The attempt to compose himself failed as laughter and coffee snorted down his nose. He fanned himself with one hand and…OK…it was fine. He could do this.

He glanced across the table at his friend’s miserable, mortified face and… Nope.

The more they cringed, the funnier it was.

Hill coughed on the memory of meanness. He wiped foam off his lips on his crumpled-up napkin. He shouldn’t have gotten iced, maybe.

“That’s not really the sort of…information I need,” he said. “Maybe this isn’t a good idea. I was going to CIRATTA. The receptionist there, the dead one, had to have seen a lot over the years. She—”

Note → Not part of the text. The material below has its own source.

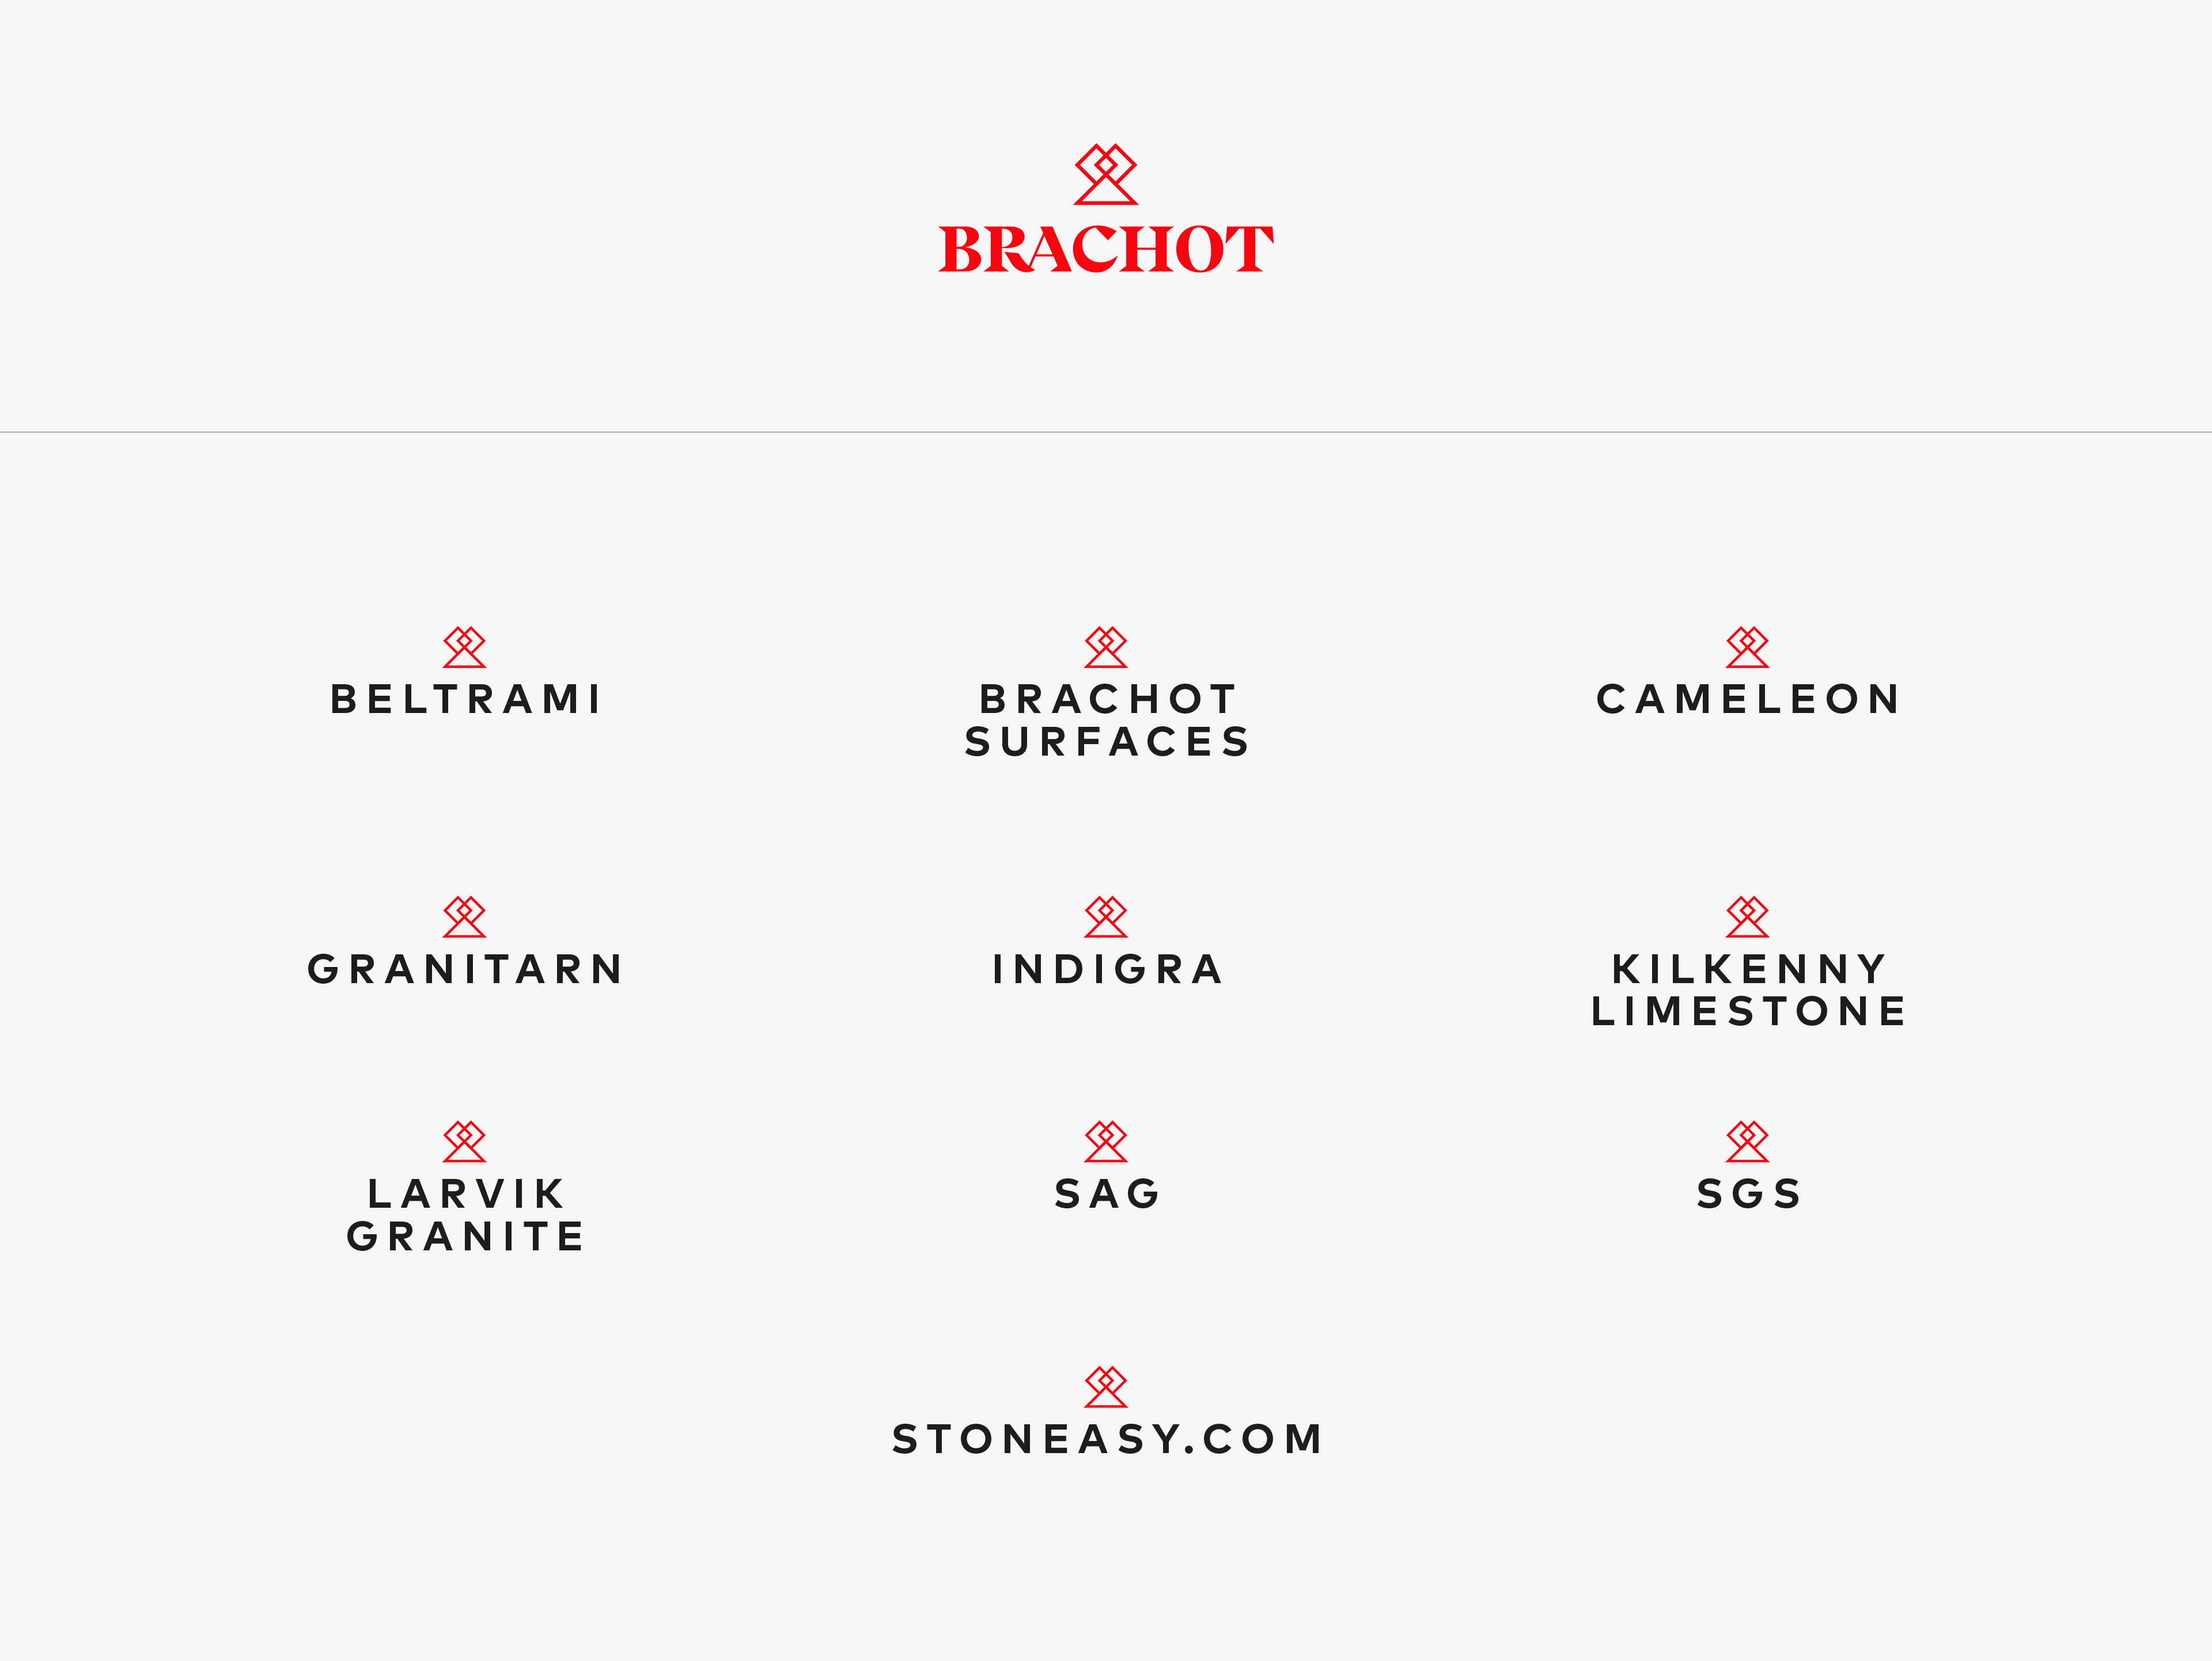 Brachot-Hermant branding - Building a solidified family that reinforces the group's powerful connection

Hen rolled her eyes at him and gestured over her shoulder with one finger.

“How much of the living do you see?” she asked. “A lot? A little? Nothing?”

Hill knew what she meant. He looked anyhow. The living world had, if anything, faded back more since that quick, shock flash of solidity. If he squinted he could see them, just as blurred shapes that passed to and fro.

He clung to the idea anyhow. “Fraser isn’t an…affable man. There have to be spirits that want to haunt him. That’d be the first place—”

What he was about to say was muffled as Hen pressed a finger to his mouth.

“Don’t use that word in public,” she said. “What next? Call us…ghosts?”

She muttered the last word under her breath and then looked around quickly, offering an awkward smile to a nearby table that frowned at her.

“Sorry,” she murmured, making a placating hand gesture. “Sorry.”